Every organization needs to offer evidence-based reasoning approaches for their respective fields of study or endeavor. In this way, all of us are able to put aside our dependence on beliefs in fantastical creatures who seek to trick us with partial truths offered via a psychic or reading of palms, tea leaves, and/or entrails.
Response
The response I wish I had had when a young man was to be better equipped to seek out reliable sources of information, helping others to engage more critically. At the time, I relied on my Catholic upbringing about the evil of psychic sources to dissuade myself and others, when possible, of seeking out palm readers and psychics.

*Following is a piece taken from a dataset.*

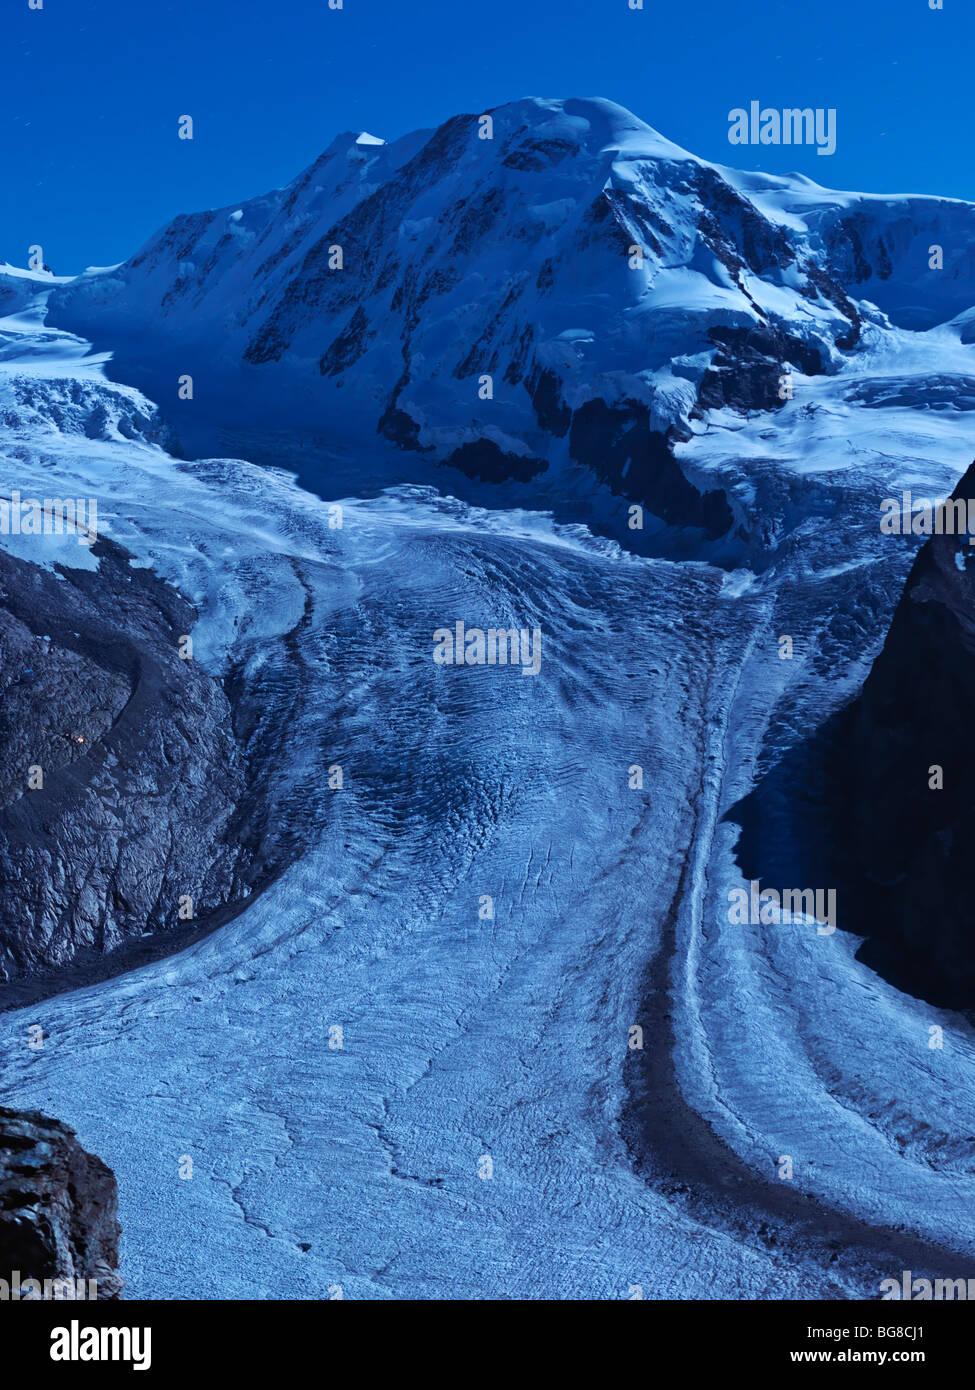 Suisse, Valais, Zermatt Gornergrat, le Breithorn et le Mont,glacier du Gorner éclairé par lumière Photo Stock

Now, I see that if I had been better prepared, I could have relied on critical thinking, questioning the validity of these preternatural claims. I know that many still fight principalities and powers, engaging in a spiritual battle in their minds that has no basis in empirical evidence or science.
Today, I wonder what my life would have been like WITHOUT spiritualism. What would it have been like with the benefit of critical thinking and evidence-based reasoning? It’s then that I wonder, what would a nation of skeptical thinkers be able to accomplish?
A Parting Thought
I really enjoyed this page’s introduction:
Most of us are not what we could be. We are less. We have great capacity. But most of it is dormant; most is undeveloped. Improvement in thinking is like improvement in basketball, in ballet, or in playing the saxophone. It is unlikely to take place in the absence of a conscious commitment to learn.

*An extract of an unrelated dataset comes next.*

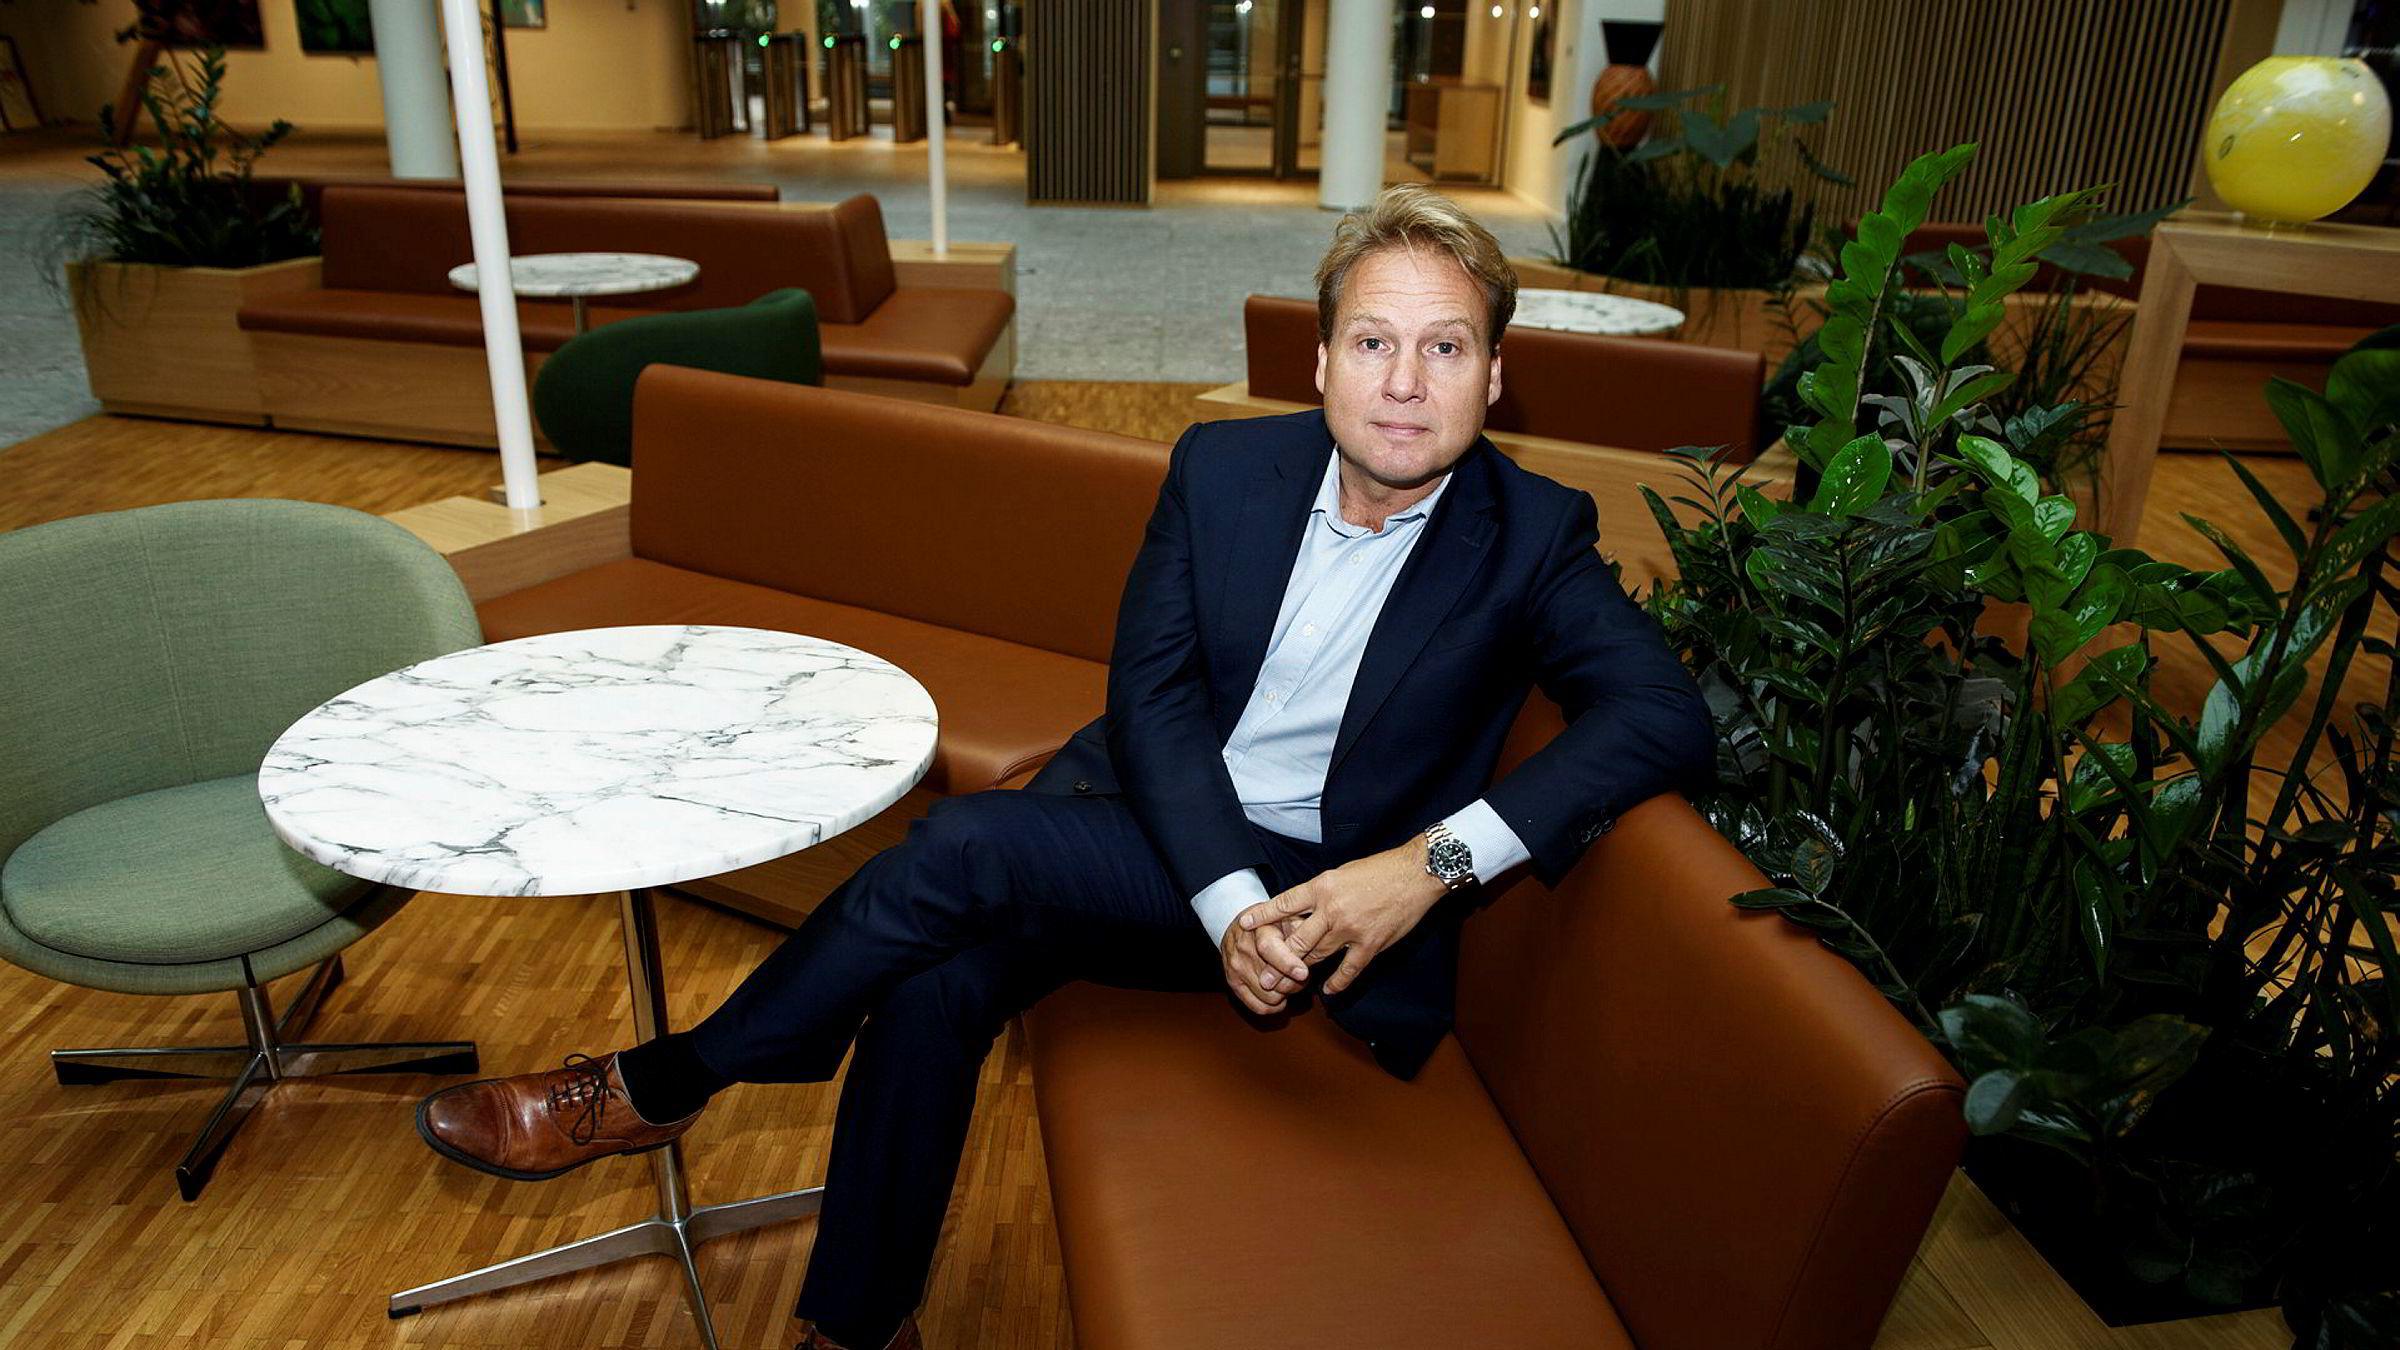 GAMMEL SJEF. John Sætre har stevnet arbeidsgiver Nordea, fordi han mener seg diskriminert på grunn av kjønn og alder.

As long as we take our thinking for granted, we don’t do the work required for improvement.
Development in thinking requires a gradual process requiring plateaus of learning and just plain hard work. It is not possible to become an excellent thinker simply because one wills it. Changing one’s habits of thought is a long-range project, happening over years, not weeks or months. The essential traits of a critical thinker require an extended period of development.
How, then, can we develop as critical thinkers? How can we help ourselves and our students to practice better thinking in everyday life? source: Critical Thinking in Everyday Life: 9 Strategies
I imagine that becoming a critical thinker IS hard work, and it should be taught in schools…not left up to circumstance, privilege, and self-discovery.